That vendor, who shall not be named again, provided an installer. Tai ran it, and it failed. Since the installer was a shell script, she opened up the file and took a look.
./run_first_file.sh
#check_for_success()
./run_second_file.sh
check_for_success()
The first thing Tai noticed is the commented out check_for_success. It seemed odd to comment that out, unless you had some sort of expected failure, but that raised a bunch of questions about how that was being handled. Out of curiosity, Tai uncommented it, and sure enough, the whole thing failed before hitting the run_second_file.sh line. But why was it failing?
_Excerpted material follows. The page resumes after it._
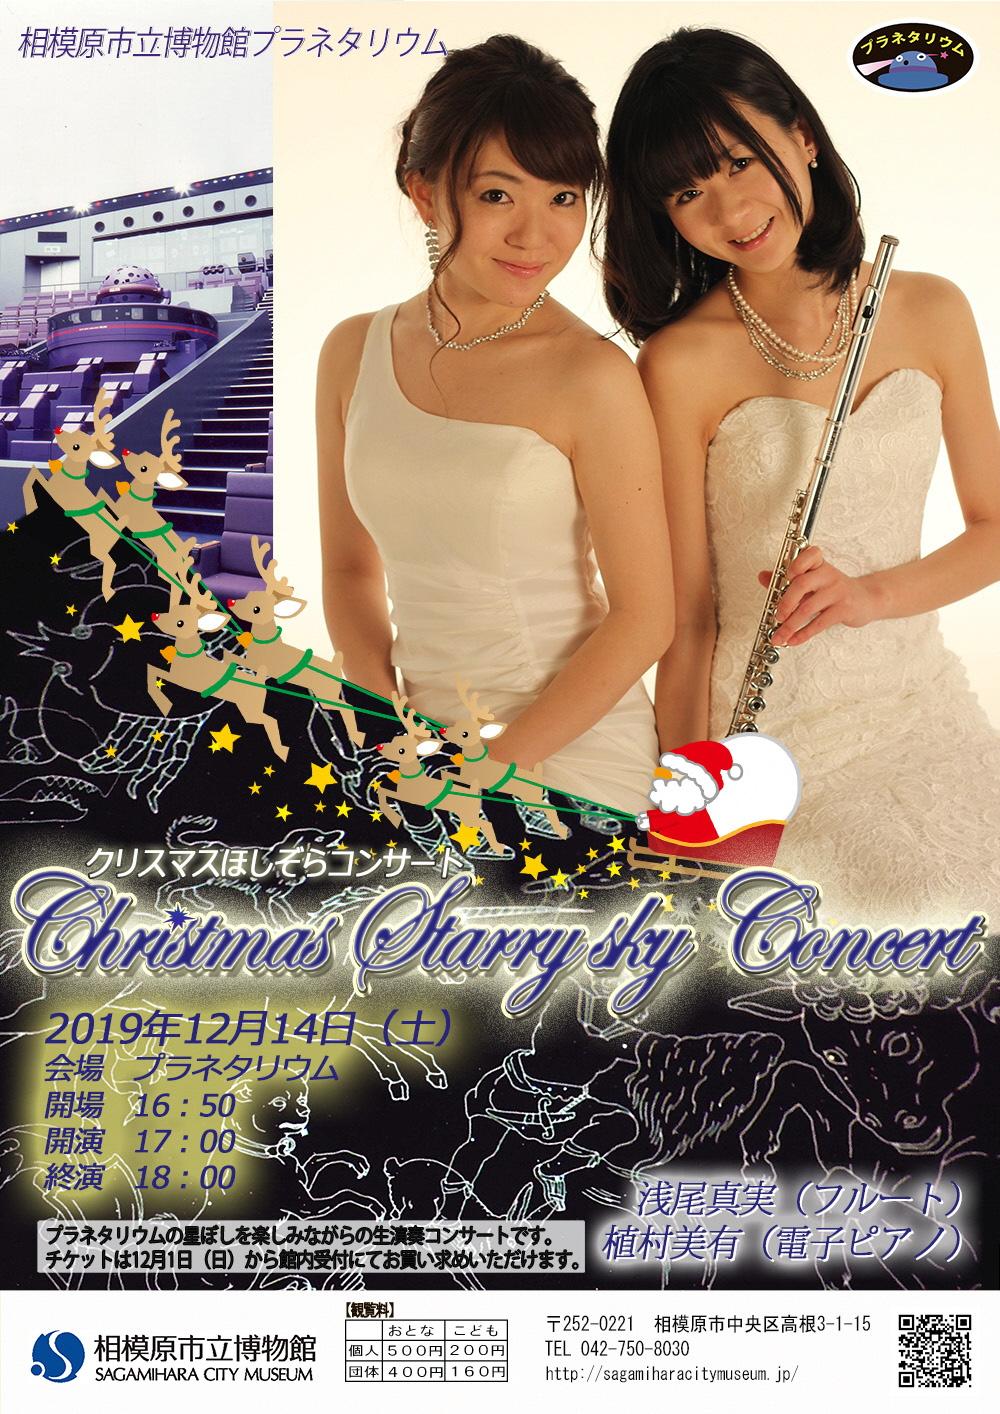 プラネタリウム「クリスマスほしぞらコンサート」(令和元年度)

Well, as it turns out, the installer helper scripts were in a subdirectory. When Tai corrected the installer to this:
# This was my fix
./scripts/run_first_file.sh
check_for_success()
./scripts/run_second_file.sh
check_for_success()
everything worked fine.
In the end, we have a case of a major software vendor providing a trivially broken installer for a product with a price tag that would make your eyes water. At some point, they probably tested it, realized it was failing, and just commented out the check for success. It kept failing, and they just… probably stopped testing? That's my guess: "It fails on this line, but this line is only a safety check, so we just take that line out, now it'll stop failing. Great, ship it!"
I may be being generous in assuming that they tested it at all.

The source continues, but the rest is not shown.